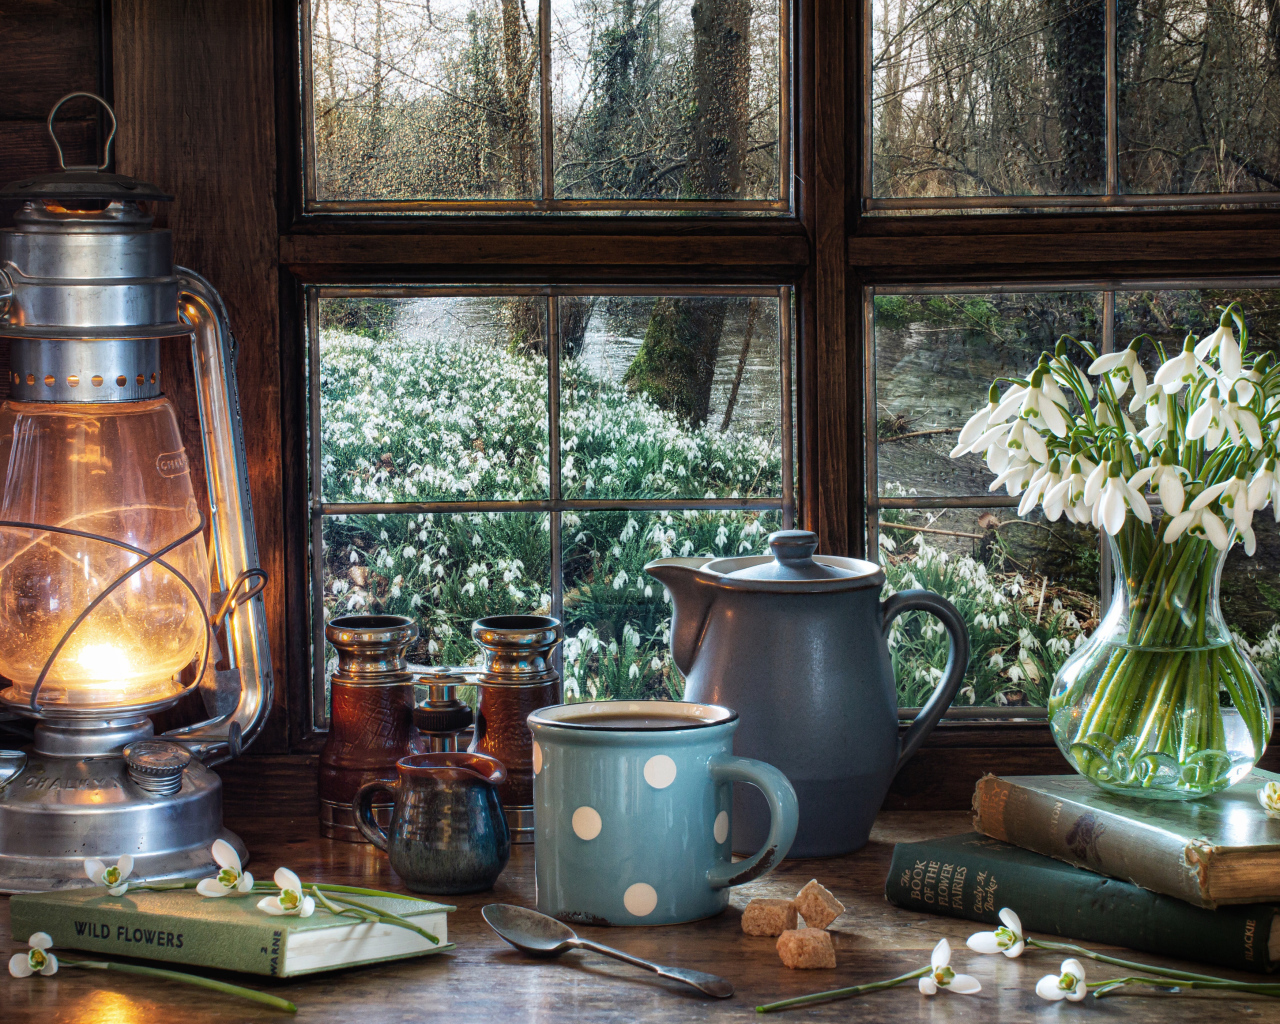 Керосиновая лампа на столе с кружкой, книгами и букетом подснежников у окна
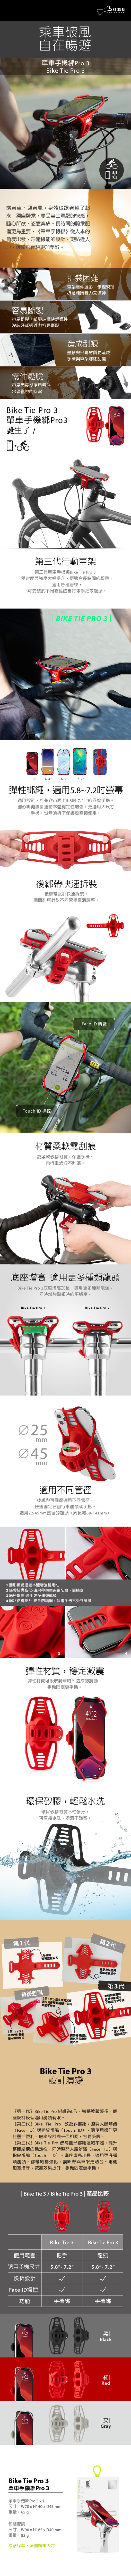 【3/29~5/31畢業季88折優惠】Bone Bike Tie Pro 3 單車手機綁 Pro 3(黑)
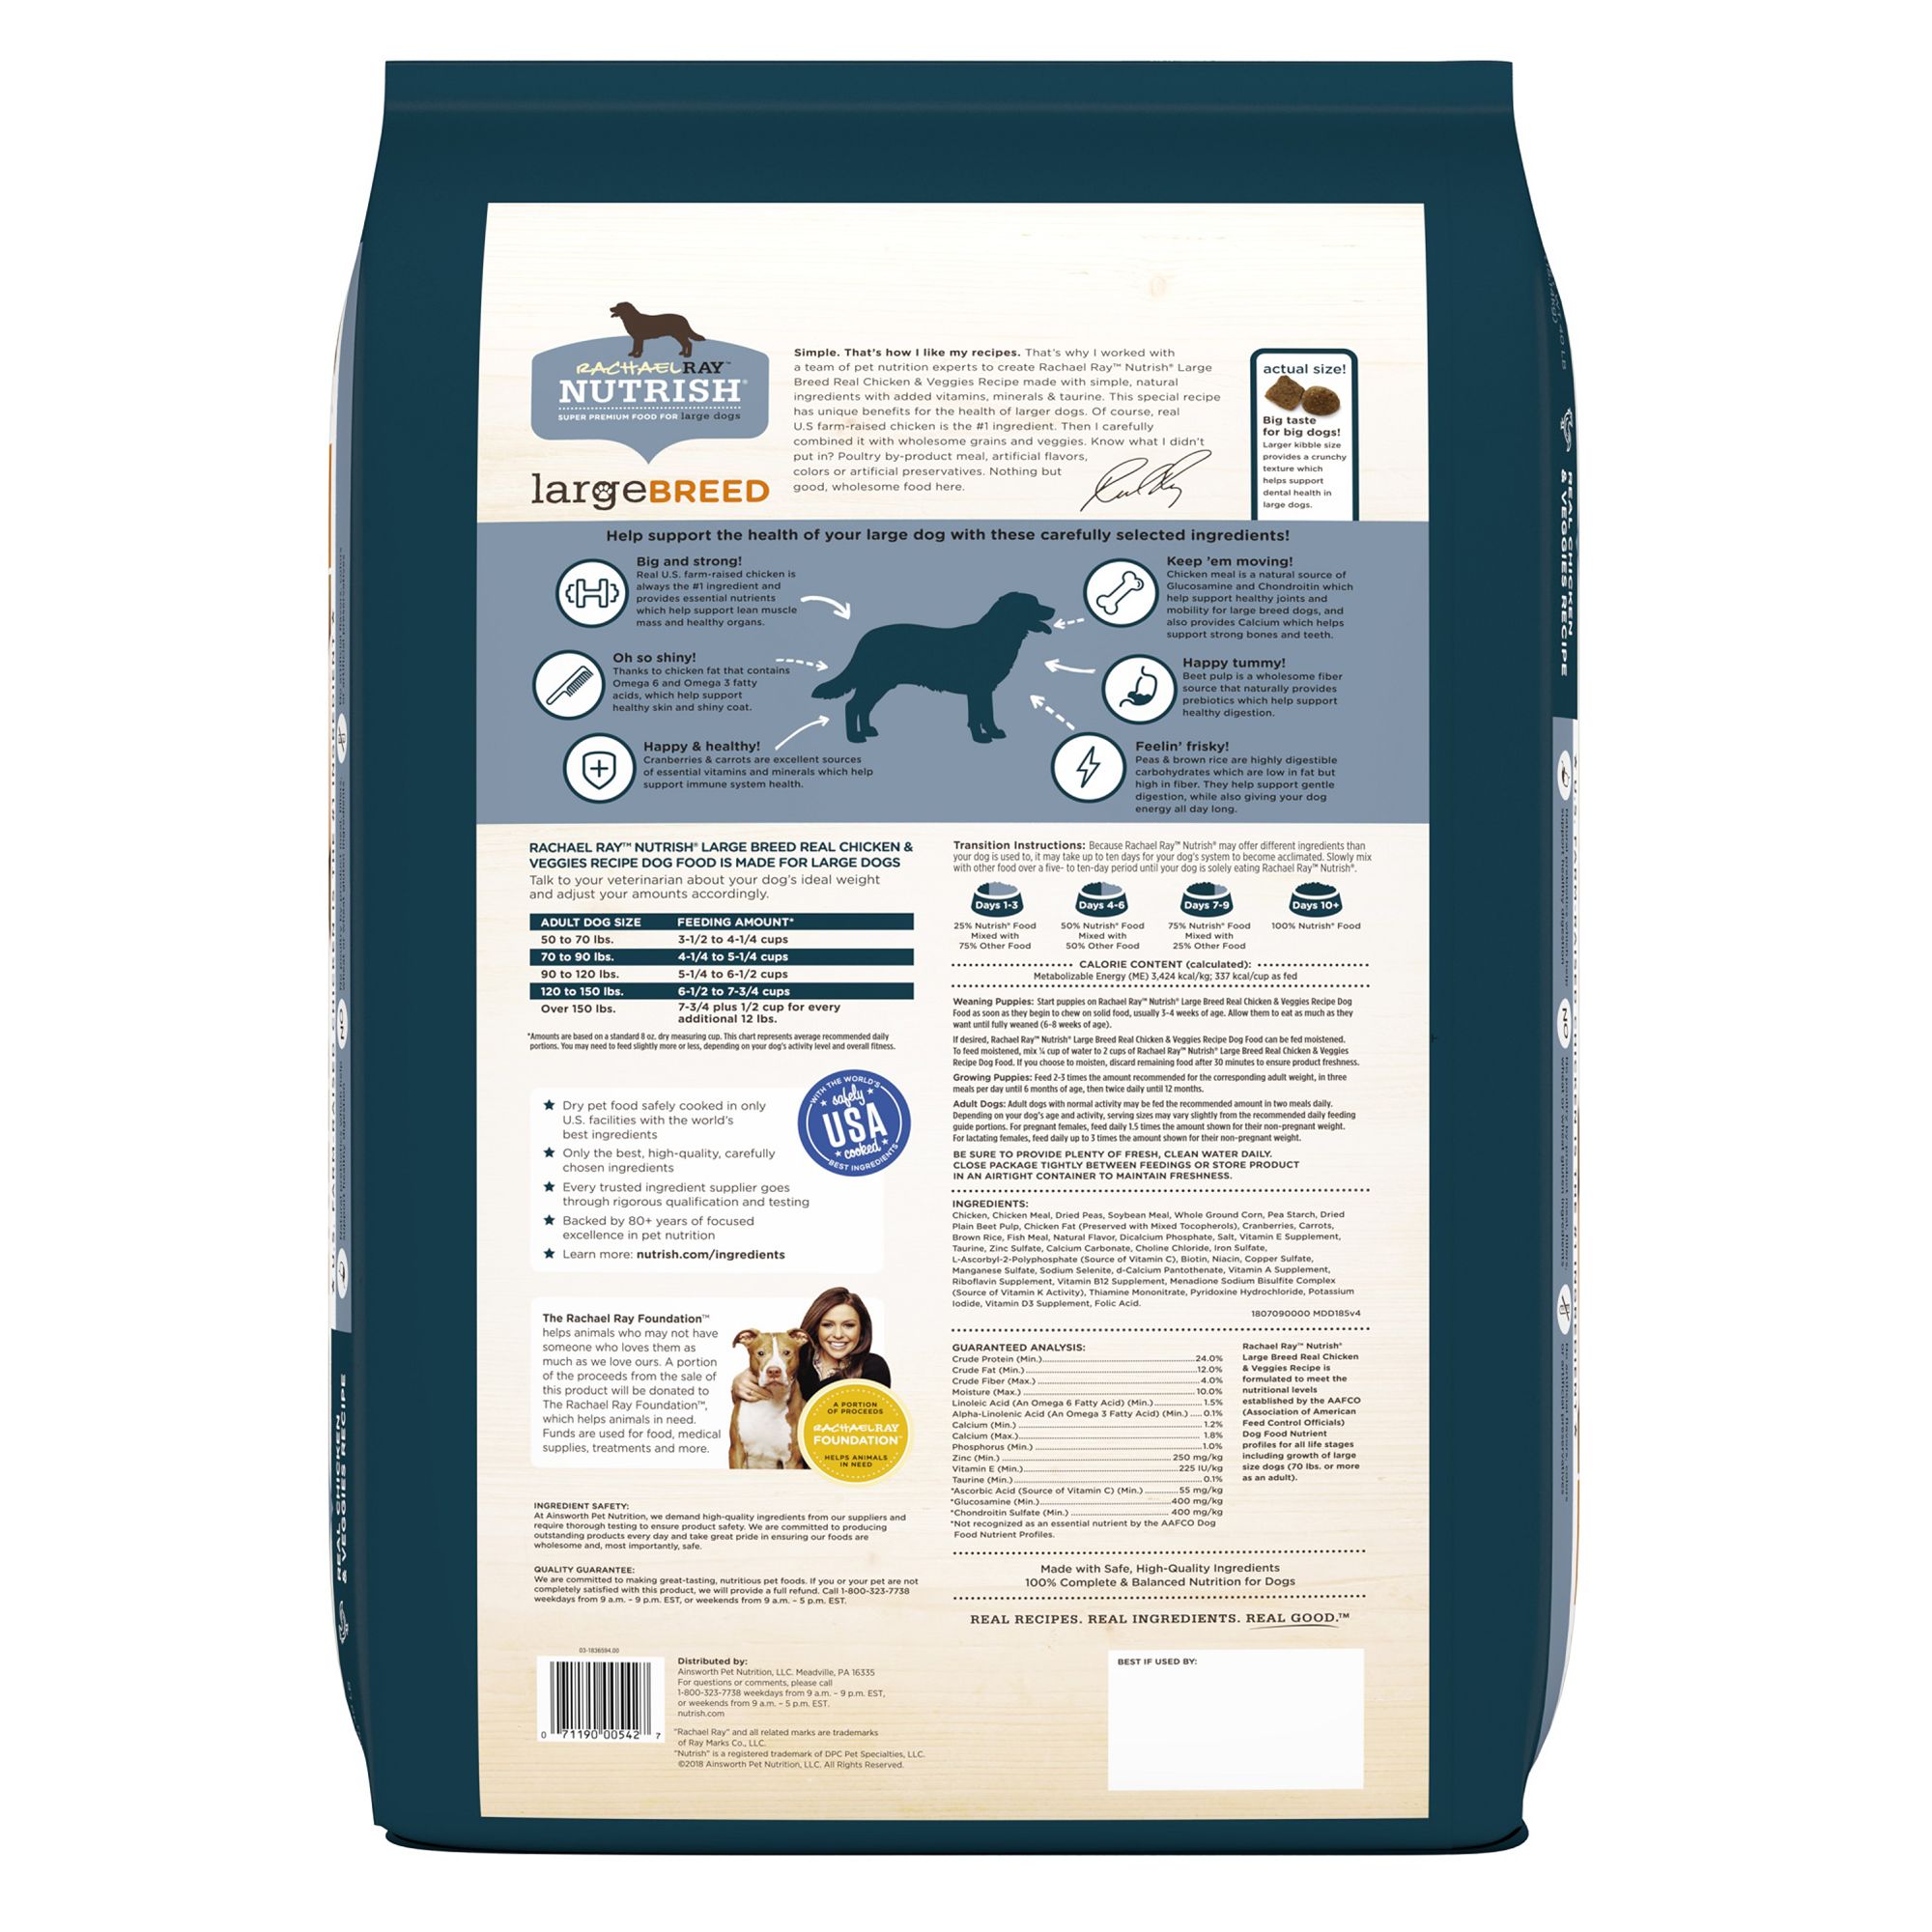 rachel ray dog food petsmart

• [Prompt] Wherever an image appears in the data, omit it and repeat everything else exactly.

• [Answer to this problem]
 Керосиновая лампа на столе с кружкой, книгами и букетом подснежников у окна
 【3/29~5/31畢業季88折優惠】Bone Bike Tie Pro 3 單車手機綁 Pro 3(黑)
 rachel ray dog food petsmart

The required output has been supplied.